Abstract

The population increase impacted the increasing demand of the textile industries and electronic devices for supporting daily life. The textile industry uses a toxic chemical at the processing stage, affected by the surface water for disposal without prior treatment. Electronic devices produce a new type of pollution, ex electromagnetic interference (EMI). The multifunction materials against electromagnetic (EM) pollution and radiation of EMI and water pollution treatment are needed. The purposes of this study are to find a correlation between the structural and optical properties of composites CuO-Activated Carbon (CuO-AC) in supports the photocatalyst performance, which analyzing by using X-ray diffraction (XRD), Fourier Transforms Infrared) spectroscopy (FTIR), and Ultraviolet-visible (UV–vis) spectra, respectively. Surface morphology and particle size determined by Transmission Electron Microscopy (TEM). The quantitative analysis of XRD spectra by applying the Scherrer, Williamson-Hall (WH), and Size-Strain Plot (SSP) method using to determine the crystallite size (D), strain (ε), stress (σ), and energy density (u). These parameters are using to identify the monoclinic phase.

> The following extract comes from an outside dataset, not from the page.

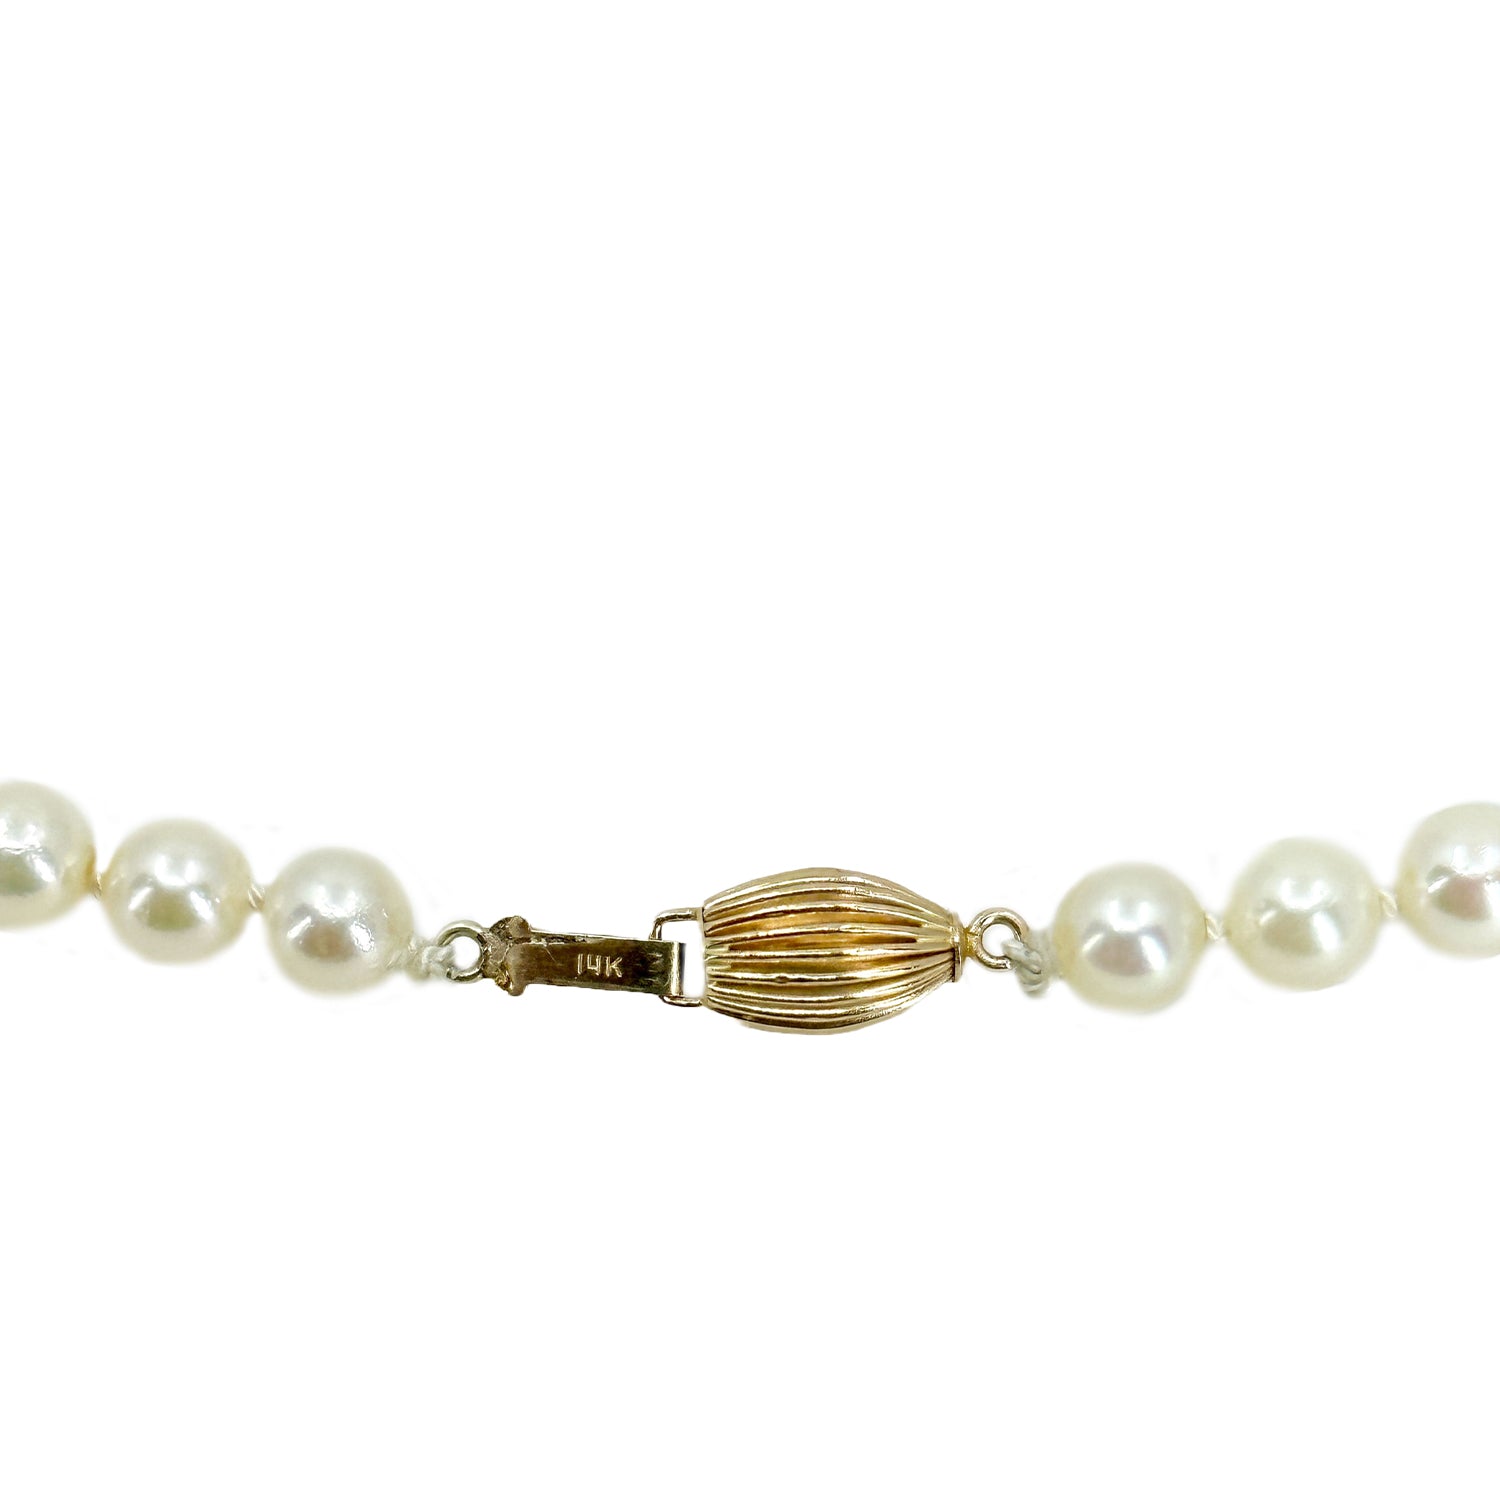 Vintage Opera Length Saltwater Japanese Akoya Cultured Pearl Necklace Strand - 14K Yellow Gold 29 Inch
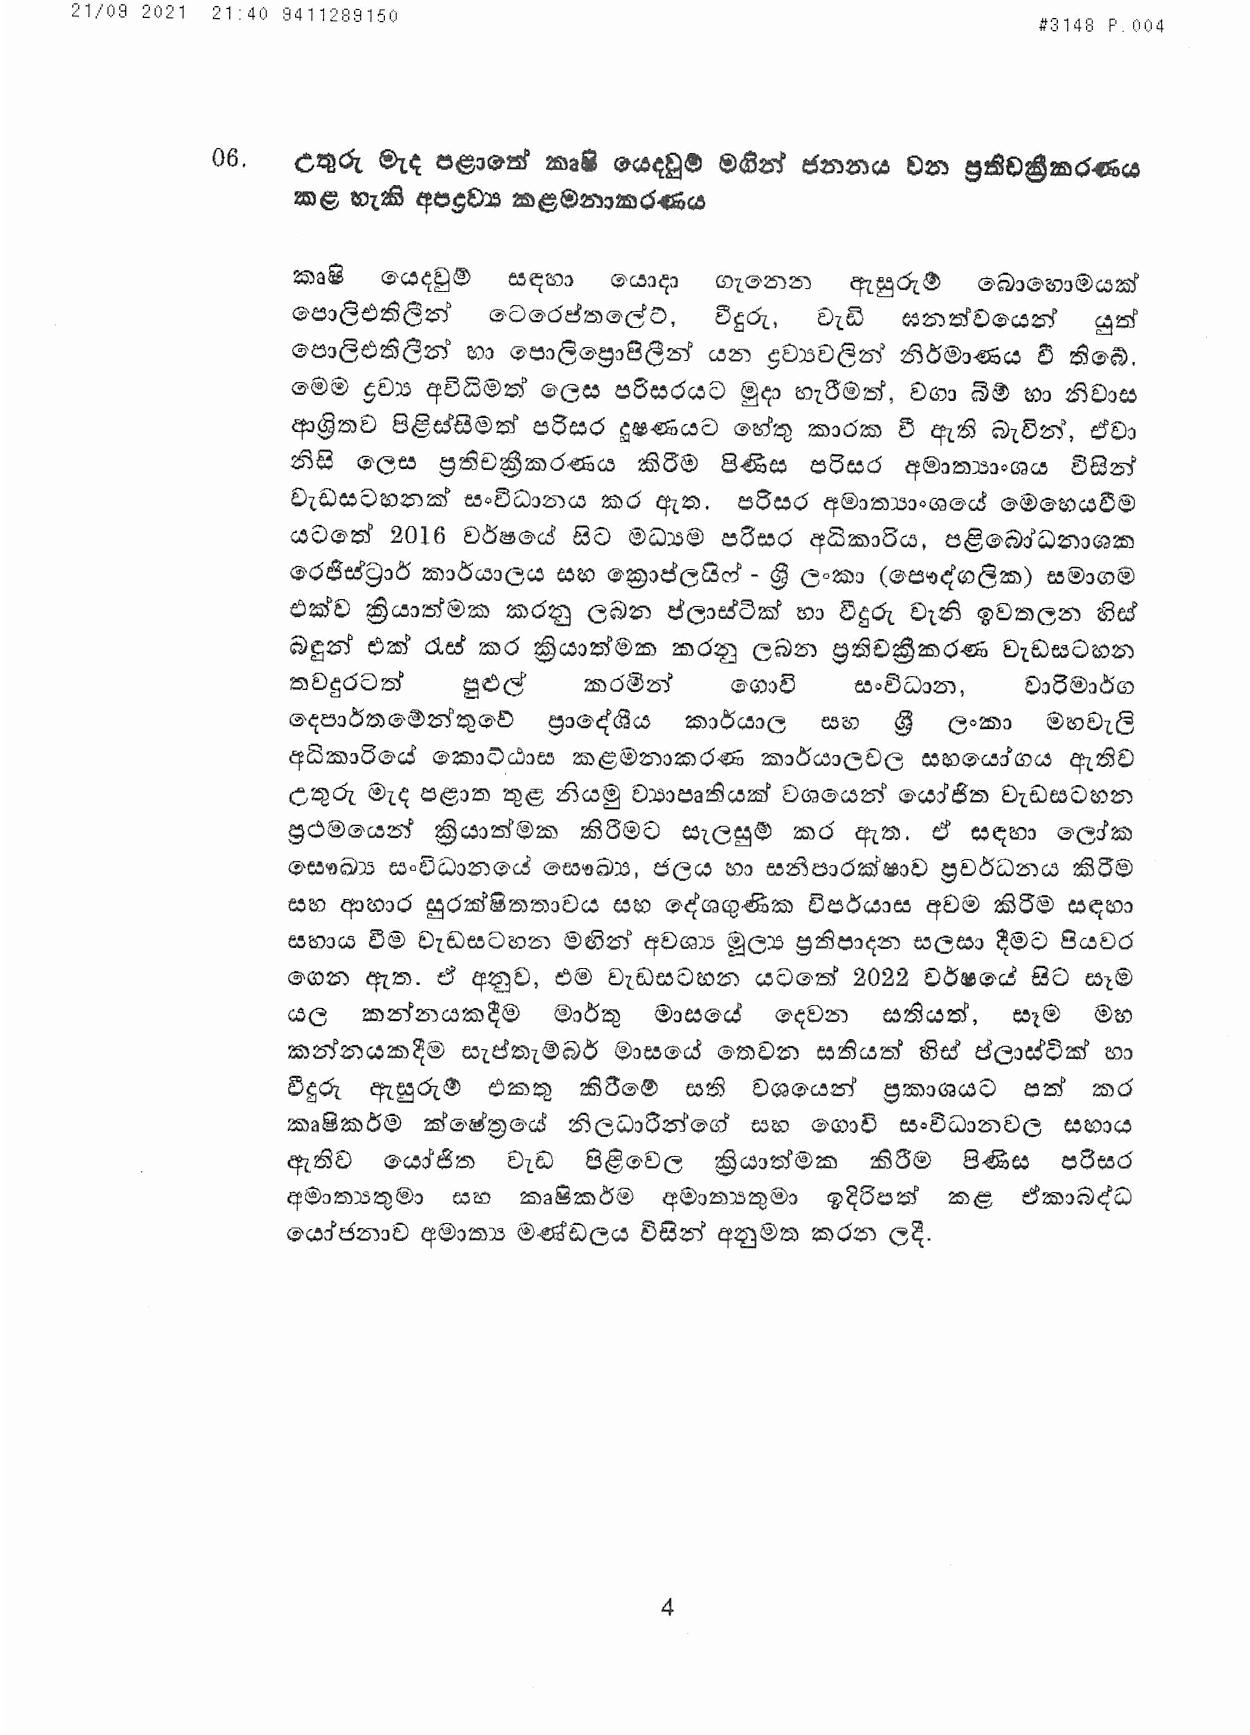 Cabinet Decisions on 21.09.2021 page 004

The optical properties in the form of refractive index (n) and extinction coefficient (k), the dielectric function (ε1 and ε2) is determining from the quantitative analysis of FT-IR spectra by applying Kramers–Kronig (KK) relation. The crystallite size increase, the optical phonon vibration shifted, and close each other’s with increasing the amount of AC indicated stable bonding as the effect of the heterogeneous nucleation in the composite. In this study, composite CuO-AC offers an excellent prospect for next bi-functional materials indicated by the degradation up to 87.87 % in 90 min and attenuated 99 % of the electromagnetic wave for 20 % AC.